Meanwhile, if you look at the “peers” section in an active torrent in your torrenting program, you see that they all have numerical IP addresses, not site names. This makes sense for two reasons:
Hence my conclusion is that the torrenting protocol itself will only deal with site names (which require DNS queries before network connections can be made to them) for the entrance into the protocol (i.e. start up and connect to trackers) and then deal with everything else using numerical IP addresses only, both because almost no peer will actually have a site name and because it’s low performance and doesn’t make sense to get site names from peers and have to resolve those into numerical addresses when then peer itself already knows its numerical address and can directly provide it. Certainly that’s how I would design it.
Now, since I didn’t actually read the protocol or logged the network connections in a machine torrenting to see what’s going one, I’m not absolutely certain there are now DNS queries at all after the initial resolution of the trackers of a torrent. I am however confident that it is so because that makes sense from a programming point of view.
I understand the basic concept of DNS but I am just a little unsure in which part of the process it takes effect. Thanks for your point of view!
As part of a websites DNS info they have to provide a TTL (time to live). This value can be just about anything but is often in the 30s to 5m range, and serves as an instruction on how long a client should cache the IP address locally before checking for updates.
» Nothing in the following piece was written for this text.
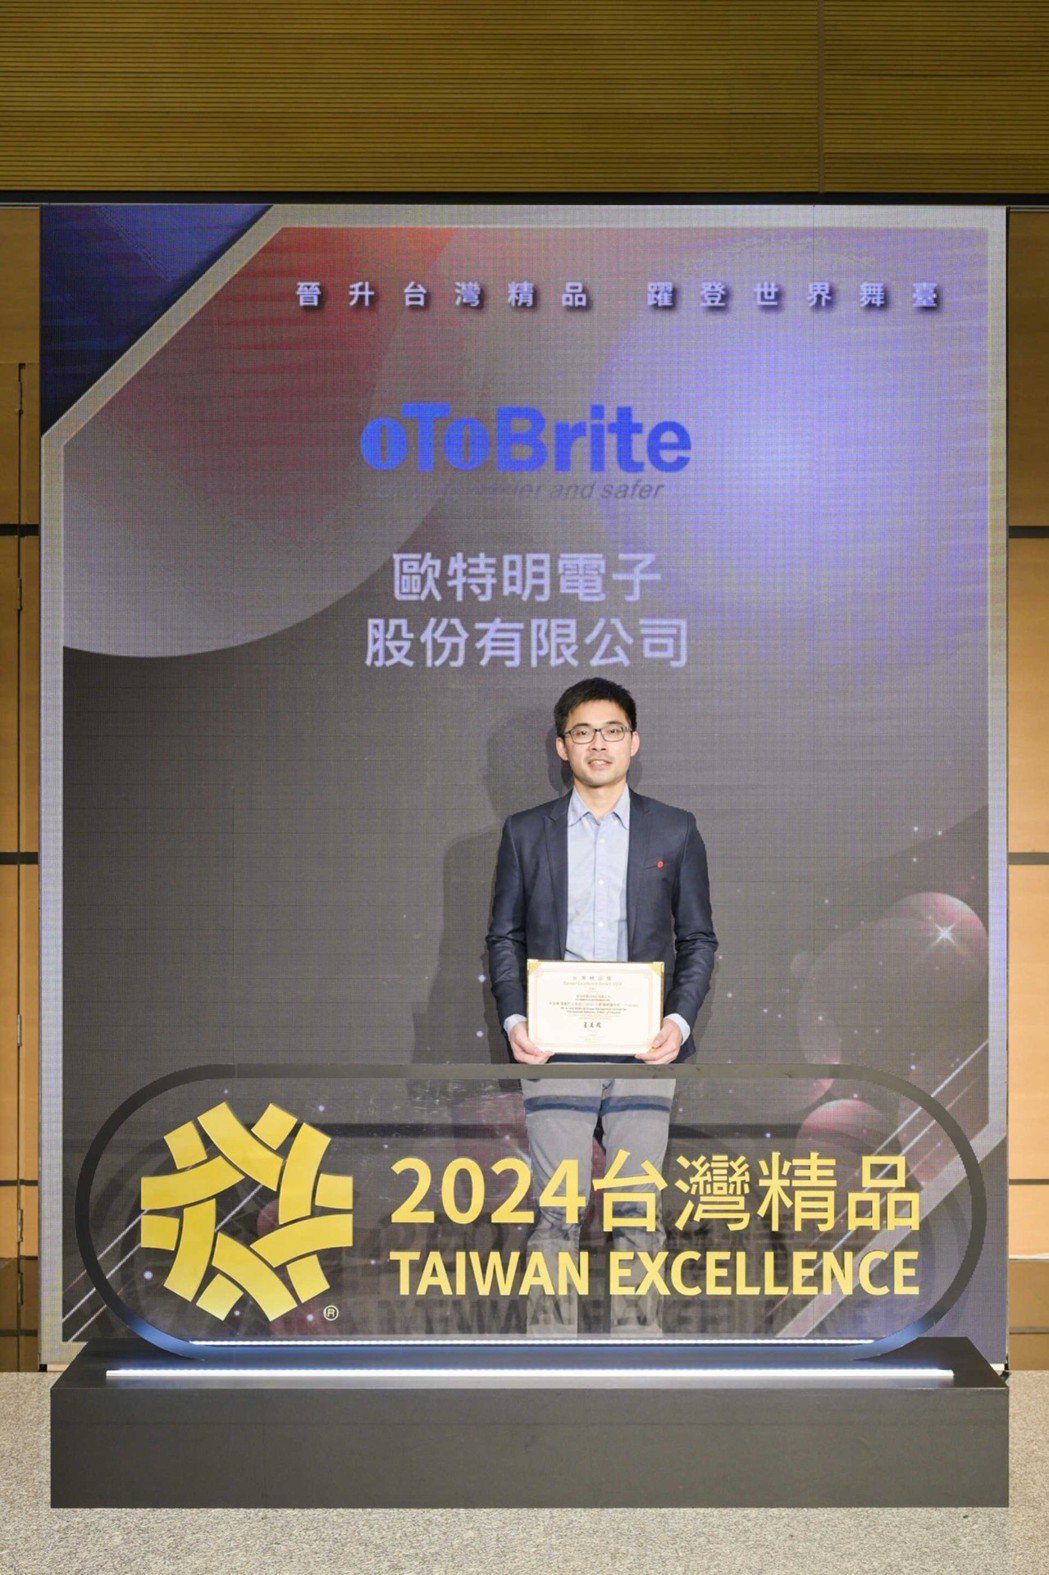 歐特明多項產品榮獲2024台灣精品獎肯定。 歐特明/提供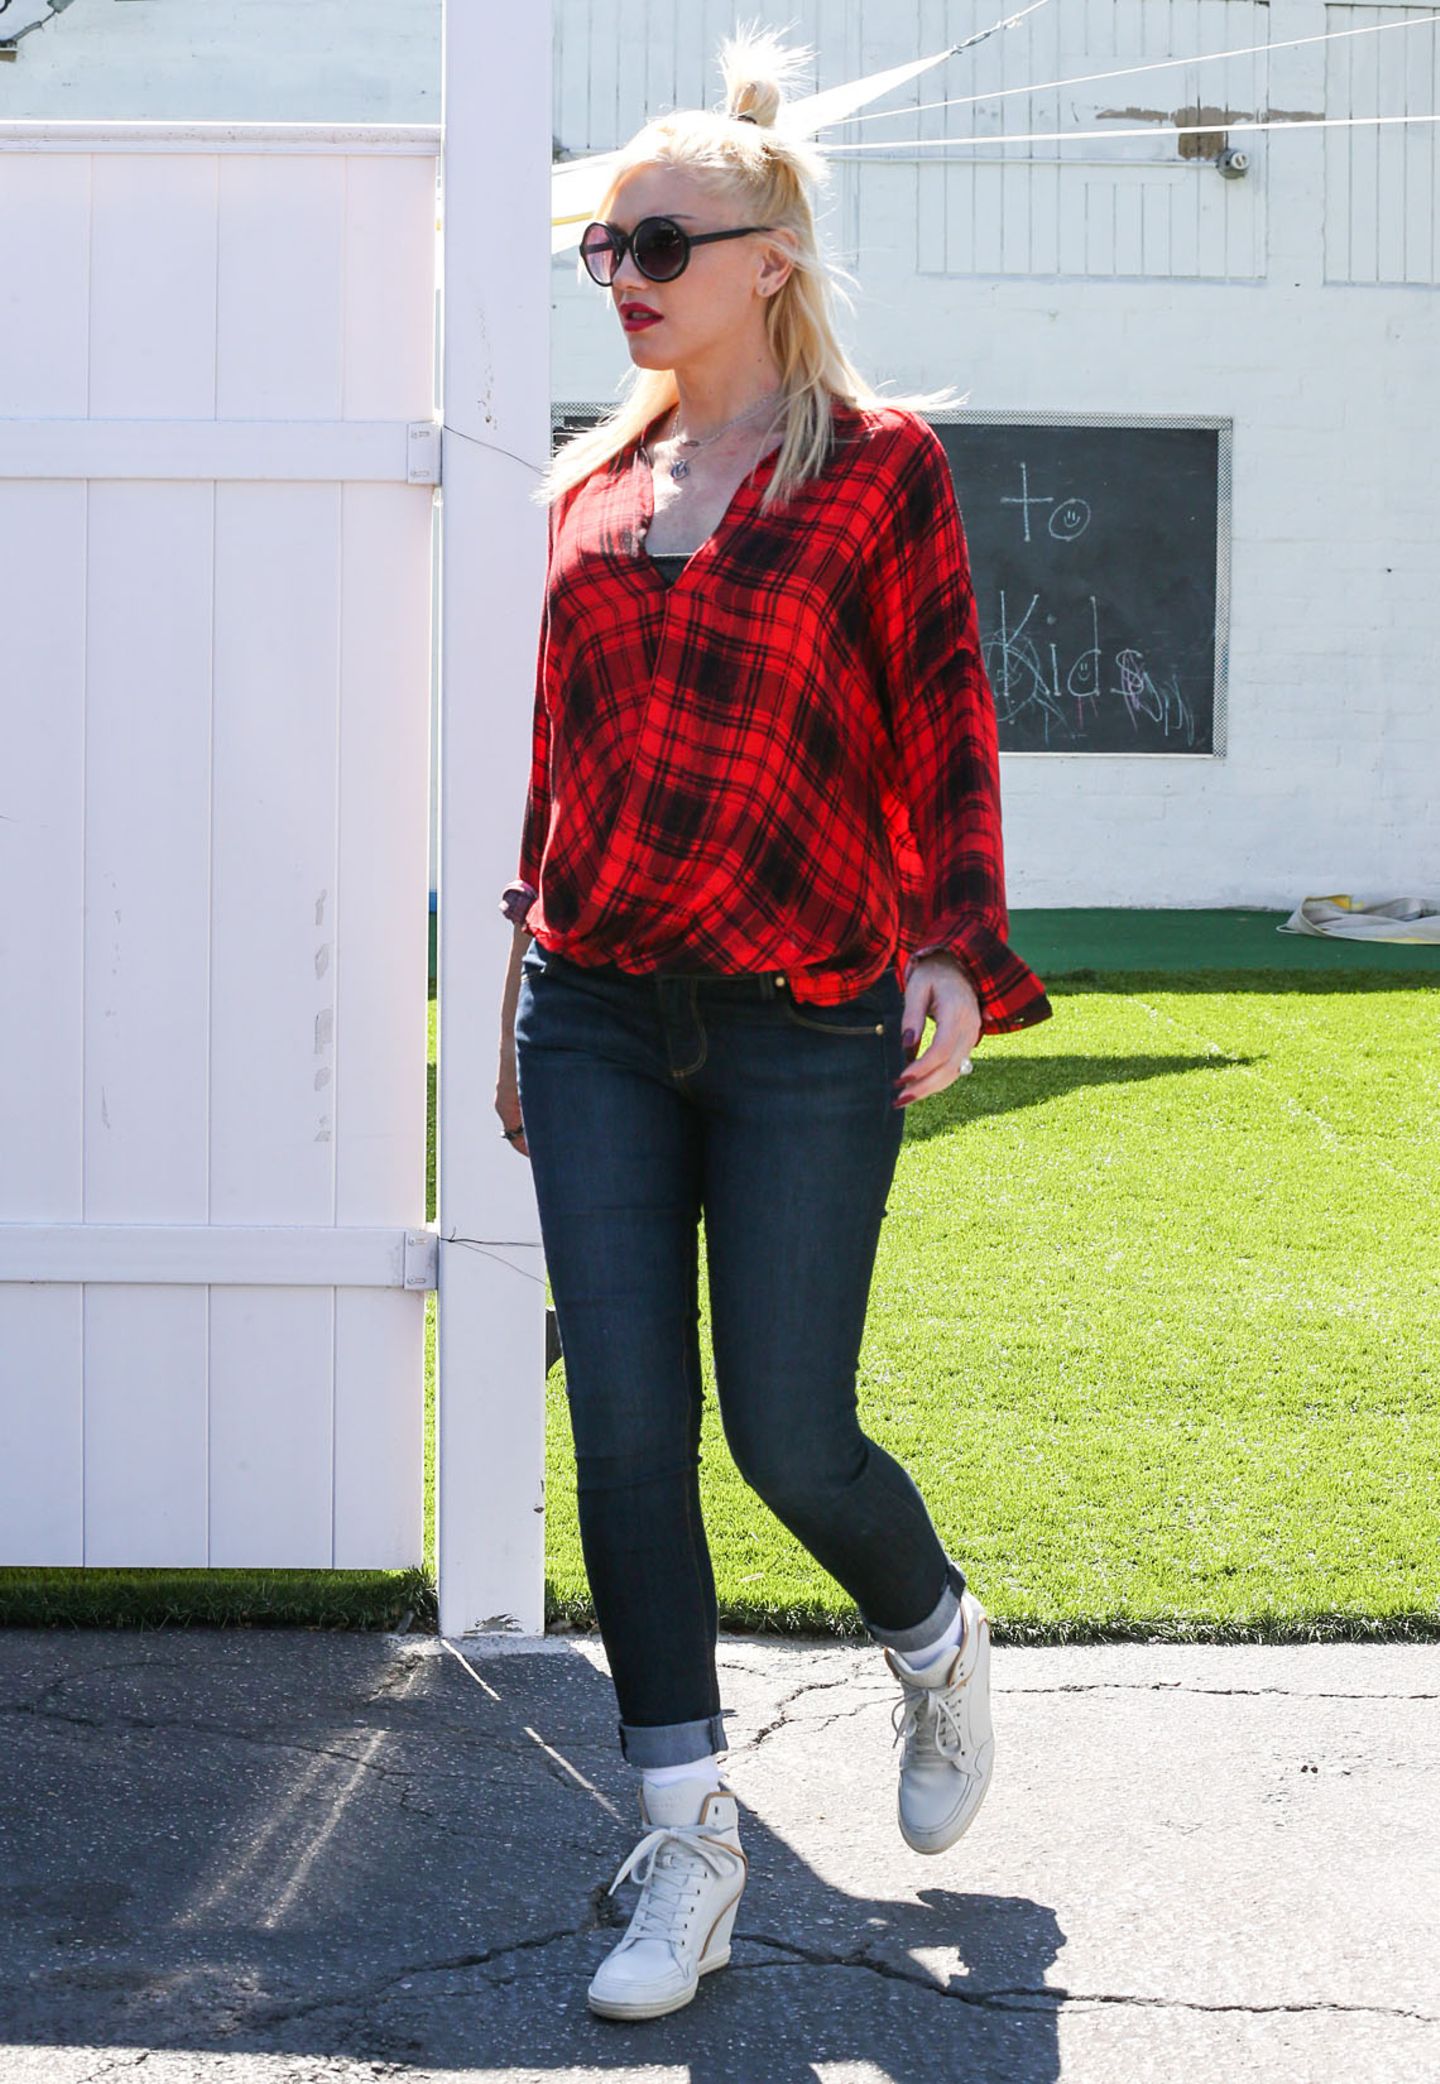 Das rote Karohemd im Wickel-Look lässt den Gwens Bauch nur erahnen. Jeans dazu und weiße Sneaker, fertig ist das sportliche Alltagsoutfit.

This is because IP addresses can change, and you don’t want to experience hours of downtime for all clients every time your IP changes.
Every time your client queries your tracker for server updates (every few minutes, give or take, based on tracker preferences) it should follow your system DNS settings, which should involve checking your local cache, then going to the upstream server indicated in your system DNS settings.
If your system is set to a DNS server outside of your local network (e.g., 8.8.8.8) that request should go through your VPN
If your system is set to use a local DNS server (e.g., 192.168.X.X…), typically either done through something like a pi-hole, or if your router sets itself as the DNS server then forwards all requests, this MIGHT create a DNS leak around your VPN.
A good VPN like Mullvad should have an option to force their own DNS settings when enabled to prevent this leak.
Let’s say the torrent started with a working DNS and the issue occured some hours later. Maybe the client wants to check for IP-updates then, but won’t find any, because DNS doesn’t work anymore. It will still keep the IP-adresses resolved at the beginning, right? Because then it would make sense, that I saw some working torrents, even though the issue already appeared.